Anatomy of a Franken-bill
Original House Bill 885: Would allow the use of medical marijuana to treat seizure disorders.
Franken-bill 885: Keeps medical marijuana language. Adds language of SB 397, which mandates insurance coverage for young children with autism.
Original Senate Bill 292: Would create a statewide Alzheimer's disease registry to gather data on the disease.
Franken-bill 292: Creates an Alzheimer's registry and (per HB 707) would bar any state or local government or agency from operating a health care exchange or navigator program allowed under the Affordable Care Act. It also would make it illegal for any public employee or agency to use state resources or time to advocate for the expansion of Medicaid.
The final days of the Georgia Legislature’s 2014 session are turning out to be less a case of “Schoolhouse Rock” and more a rumination on Mary Shelley’s “Frankenstein.”
In a mix of strategy and desperation, lawmakers this year have taken an unusual number of different bills and sewn together pieces of them in hopes they survive to reach Gov. Nathan Deal’s desk. However, the stakes have been raised by the fact that caught up in the maneuvering, as the legislative calendar comes to a close, are issues affecting thousands, if not millions, of Georgians.
The House denuded an effort to privatize Georgia’s child welfare system? Fine, senators said, stripping a completely unrelated measure to glue the foster care bill onto it.
Senators made late changes to an anti-Obamacare bill? No problem, House members said last week, tacking it back onto an unrelated Senate bill that creates an Alzheimer’s registry.
The House refuses to take up a bill mandating insurance coverage for young children with autism? Big deal, senators said, adding the autism bill to one legalizing medical marijuana to treat seizure disorders.
Before the clock strikes midnight Thursday and lawmakers are forced to go home for the year, one or more of these “Franken-bills” likely will live on. Legislators just have to hope they aren’t greeted by townsfolk with torches and pitchforks.
Anna Bullard, whose daughter Ava is autistic, has fought for insurance coverage in Georgia for more than a year. She doesn’t find the gamesmanship amusing.
Senate Bill 397, the original autism insurance legislation, passed the Senate unanimously Feb. 25 but has gotten nowhere in the House. The Senate last week added the language from SB 397 to House Bill 885, the medical marijuana bill that overwhelmingly passed the House. Legislative procedure dictates that HB 885 now go back to the House, but it gets to skip the committee process and go straight to the floor for consideration.
“It’s on 885, and I think the hope was that the House really wanted to pass that, so they’d be willing to pass autism,” Bullard said.
The patchwork bills are part of a larger back-and-forth between the chambers that has tempers rising. The House last week added just one Senate bill to the floor debate calendar for Tuesday, the 39th day of the 40-day session. Typically, in the final days, dozens of bills are considered in each chamber.
The move by House members was a kind of protest over what representatives felt was a logjam of their bills in Senate committees. In response, the Senate tabled every House bill it had on its debate calendar for this past Thursday — although it eventually relented and called more than a dozen bills for a vote.
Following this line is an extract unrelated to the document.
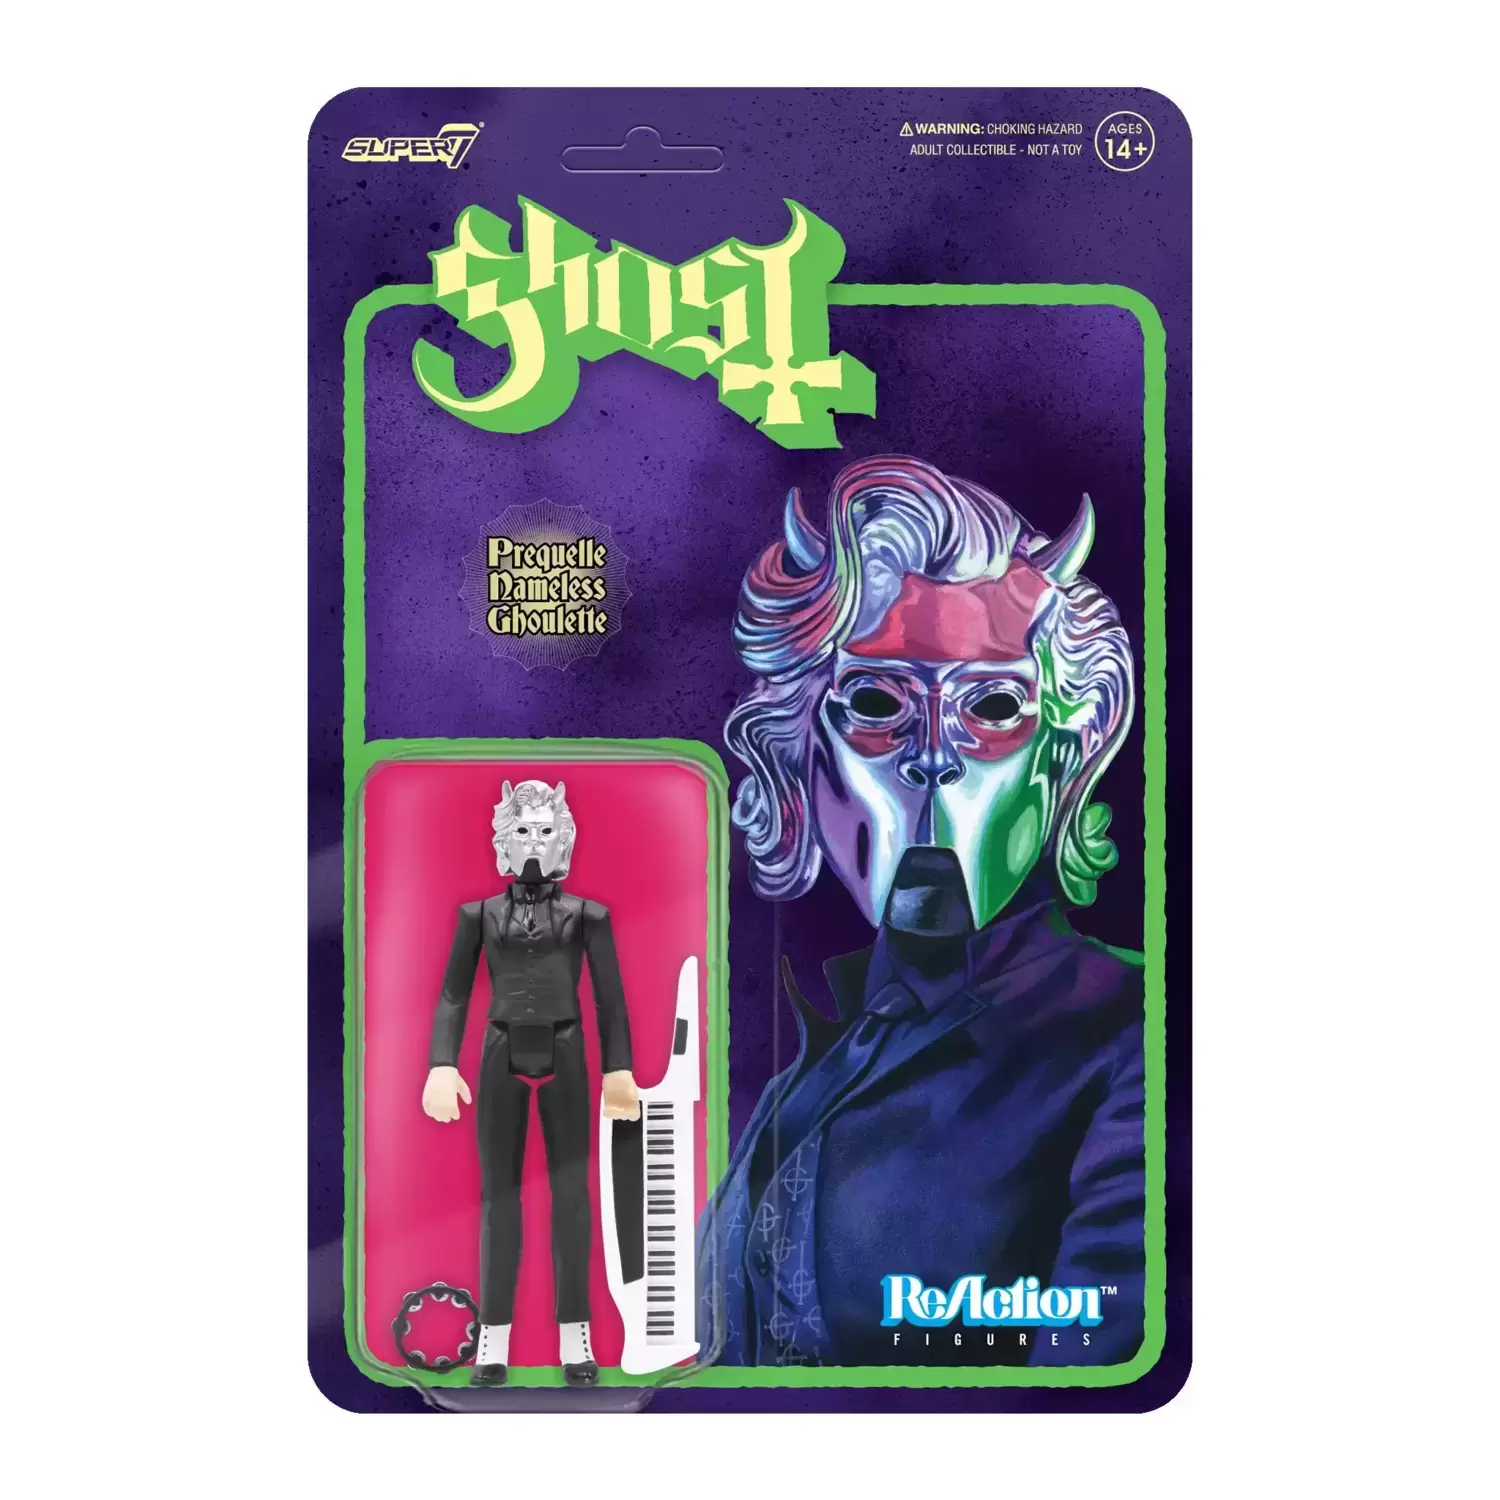 ReAction Figures - Ghost - Prequelle Nameless Ghoulette

House Speaker David Ralston, R-Blue Ridge, accused the Senate of trying to be “cute.”
“We always kind of get to this point where we have some frustrations,” Ralston told colleagues. “They seem to have been a little different, maybe a little higher level over the past few days.”
Ralston said House bills “are being toyed with over on the other side.”
Senate leaders, no surprise, have a much different view.
“I think we’re being creative,” said Senate Health and Human Services Committee Chairwoman Renee Unterman, R-Buford, who has been at the center of many of the add-ons. “We have to deal with the hand we’ve been dealt: The session this year is so short.”
State officials decided to move Georgia’s primary elections this year to the earliest date in state history, May 20. The move prompted lawmakers to create a calendar keeping their visit to Atlanta short. In years past, the session has often extended well into April.
Exacerbating the issue is that it’s an election year for all lawmakers and they are eager to get home. State law prohibits them from fundraising during the session.
“We don’t have time to work these things out this year,” Unterman said. “That is exactly why you’re seeing all these attachments.”
Rep. Alan Powell, R-Hartwell, has been in the House since 1991 and has seen these kinds of flare-ups before. “I’ve seen this some years more than others, but it’s always that built-in stress that falls between the two bodies and individuals on different issues,” Powell said.
He added to the tumult last week by talking his colleagues into amending a minor measure, House Bill 60, which would have expanded state law to allow most judges, current and retired, to carry guns in Georgia. House members added to the bill much of this year’s major gun rights expansion legislation, House Bill 875, and then shipped it straight to the floor of the Senate.
“It’s the same game. I’ve seen this go on for years,” Powell said. Hopefully, he added, everyone will have gone home for the weekend, relieved their stress, and will show up this week ready to work.
“We’ll probably be there until midnight on Tuesday,” he said.